Markov Models of MIS based on Force/Torque Signatures and Tool/Tissue Interactions

 

Background

The best method of training for laparoscopic surgical skills is controversial. Some advocate observation in the operating room, while others promote animal and simulated models or a combination of surgery-related tasks. A crucial process in surgical education is to evaluate the level of surgical skills. For laparoscopic surgery, skill evaluation is traditionally performed subjectively by experts grading a video of a procedure performed by a student. By its nature, this process uses fuzzy criteria. The objective of the current study was to develop and assess a skill scale using Markov Models (MM).

Methods

Ten surgeons (5 Novice Surgeons - NS; 5 Expert Surgeons - ES) performed a cholecystectomy and Nissen fundoplication in a porcine model. An instrumented laparoscopic grasper equipped with a three-axis force/torque sensor was used to measure the forces/torques (F/T) at the hand/tool interface synchronized with a video of the tool operative maneuvers. A synthesis of frame-by-frame video analysis and a vector quantization algorithm, allowed to define force/torque signatures associated with 14 different types of tool/tissue interactions.

Results

The magnitude of F/T applied by NS and ES were significantly different (p<0.05) and varied based on the task being preformed.
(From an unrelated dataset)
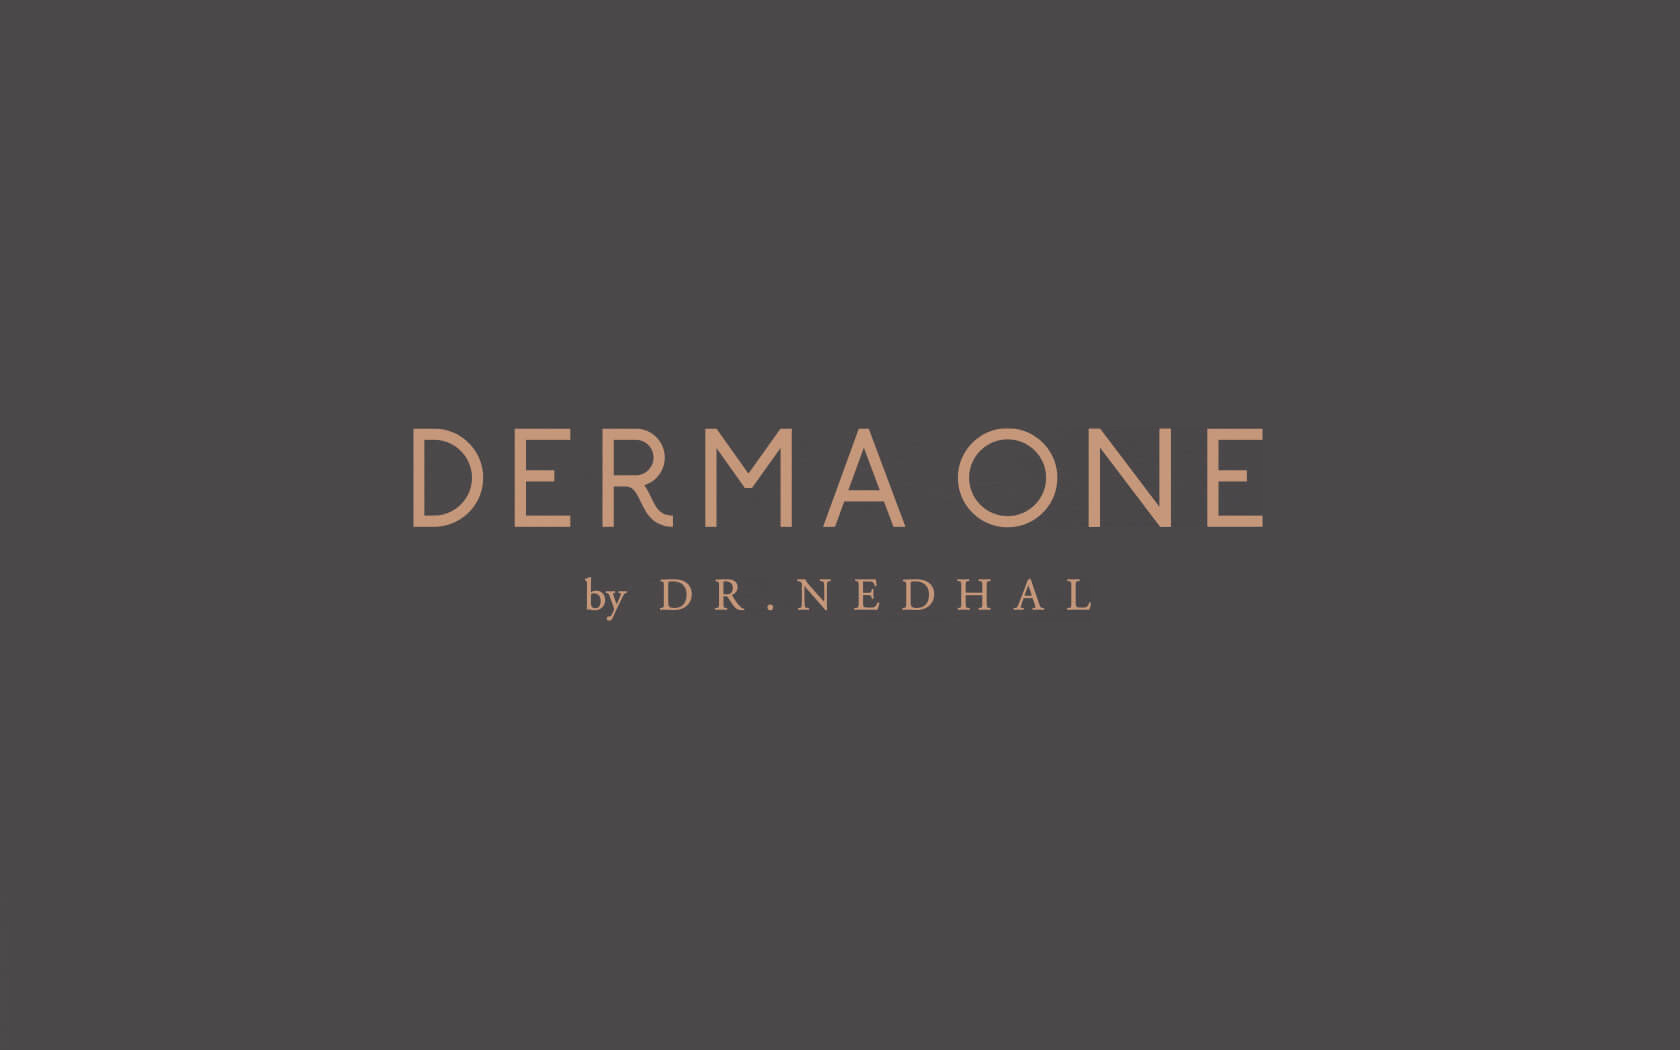 Derma One. Brand logo with Dr. Nedhal

High F/T magnitudes were applied by NS compared to ES while performing tissue manipulation and vise versa in tasks involved tissue dissection. From each step of the surgical procedures, two MM were developed representing the performance of 3 surgeons out of the 5 in the ES and NS groups. The data obtained by the remaining 2 surgeons in each group were used for evaluating the performance scale. The final result was a surgical performance index which represented a ratio of statistical similarity between the examined surgeon's MM and the MM of NS and ES. The difference between the performance index value, for a surgeon under study, and the NS/ES boundary, indicated the level of expertise in the surgeon's own group. Using this index, 87.5% of the surgical procedures were correctly classified into the NS and ES groups. The 12.5% of the procedures that were misclassified were preformed by the ES and classified as NS. However in these cases the performance index values were very close to the NS/ES boundary.

Conclusions

The data suggest that a performance index based on MM and force/torque signatures provides an objective means of distinguishing NS from ES. In addition this methodology can be further applied to evaluate haptic virtual reality surgical simulators for improving realism in surgical education.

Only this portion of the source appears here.